On the legislative front, Bishop Vasquez and Dominican Sister Donna Markham, director of Catholic Charities USA, wrote a joint letter in support of the BRIDGE Act, which stands for Bar Removal of Individuals Who Dream and Grow Our Economy. The bipartisan bill would provide temporary protection from deportation for three years as well as work authorization for young people eligible for former President Barack Obama’s Deferred Action for Childhood Arrivals program, or DACA.
Archbishop Gomez said that while the letter and statements were more high profile, “the greatest fortune of the work was to provide each one of you with resources to support your local episcopal ministry in this area (of helping migrants and refugees).”
Such resources include information to provide to families fearing separation from deportation, action alerts, and information and analysis “to keep each of you well informed in a fast-paced environment, where even basic information is so often tainted by political polarization and partisanship,” the archbishop said.
Bishop Vasquez also pointed to the ongoing collaborative effort of Catholic groups through Justice for Immigrants — https://justiceforimmigrants.org. The website of coalition, created in 2004 and coordinated by the USCCB, offers backgrounders, webinars and action alerts that the working group developed and disseminated.
Such collaborative efforts and information are meant “to convey a comprehensive vision for immigration reform, to paint a fuller picture of what justice and mercy mean with respect to migrants and refugees in our country today,” Archbishop Gomez explained.
“We must take the initiative to provide a more complete and positive account on our views,” he added.
He pointed to “Strangers No Longer: Together on the Journey to Hope,” a 2003 joint pastoral letter by the bishops of the U.S. and Mexico, for laying out the bishops’ principles on immigration. In in the bishops challenged their governments to change immigration policies and promised to do more themselves to educate Catholics and political leaders about the social justice issues involved in migration and address migrants’ needs.
To bring such perspective “into the public square (is) for the benefit of all, not just for migrants and refugees, or for the faithful, or for the institutional church, but for the common good,” he said.
During the open discussion, a dozen bishops stepped forward to praise the group’s work, make comments and suggestions, and even express caution.
“I have a reservation on (a) symbolic level,” said Bishop Robert W. McElroy of San Diego. “I think we have to keep signaling (that) we as a conference are on a level of heightened alert because our people are on a level of heightened alert because of the fears among them. (The fears) are not imaginary, and they have been stoked by particular actions and words and legislative orders.”
The concept of sanctuary arose twice. While one bishop desired more guidance on the topic, Bishop Jaime Soto of Sacramento, California, cautioned that sanctuary “will not provide what the immigrant community needs long term, and that is to be incorporated as fellow citizens, brothers and sisters of this one society. Offering a more positive vision and to continue to hold for sensible, reasonable immigration reform is just key.”

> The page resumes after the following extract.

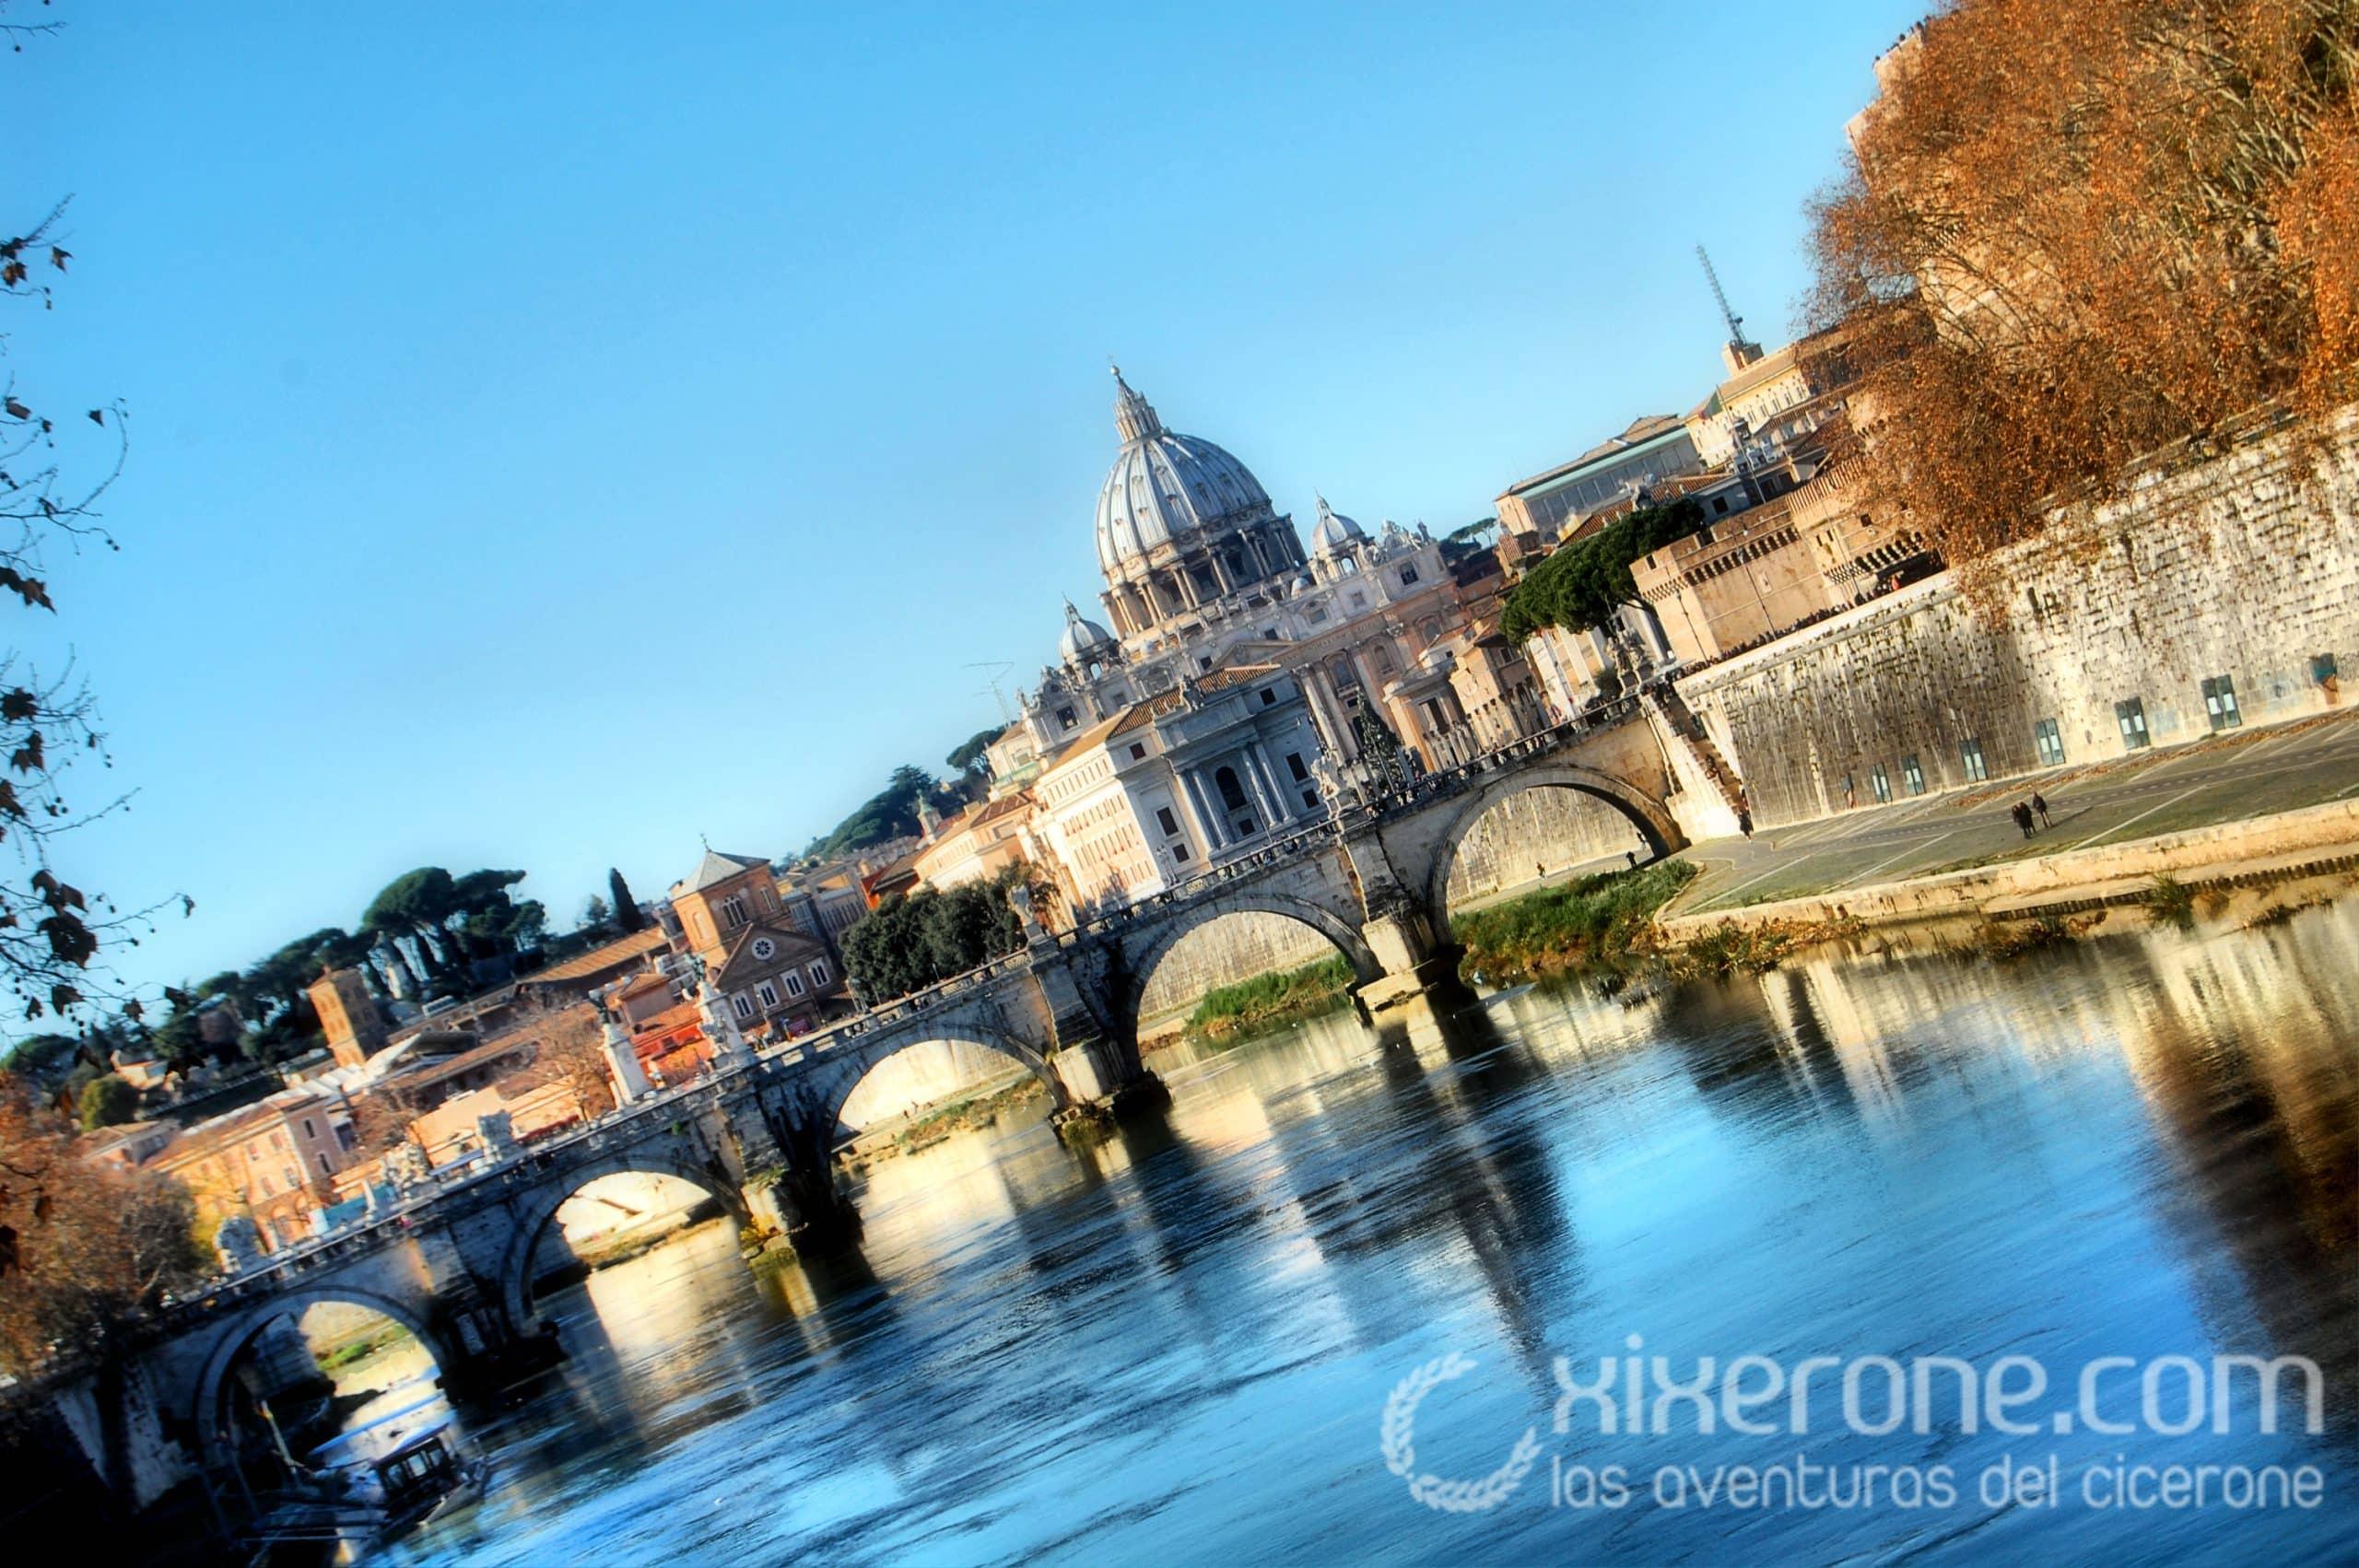 Visitar Roma - Tíber y San Pedro

Bishop Donald J. Kettler of St. Cloud, Minnesota, encouraged helping immigrants through local ecumenical efforts.
Archbishop Jerome E. Listecki of Milwaukee noted that officials in “the current administration are economic pragmatists.” Since the loss of labor in small businesses and farms would be disastrous if so many are deported, he said, that angle on immigration should be pursued with such an economic-minded administration. It would be “a wonderful way to move the issue forward,” he said.
Auxiliary Bishop Eusebio L. Elizondo of Seattle called the committee’s work prophetic.
“Not all of us are on the same page supporting immigration. But at the same time we have to be countercultural,” he said. “We all as Christians and Catholics have to be — that’s our mission, especially for the vulnerable people.”
Hoefer is a reporter for The Criterion, newspaper of the Archdiocese of Indianapolis.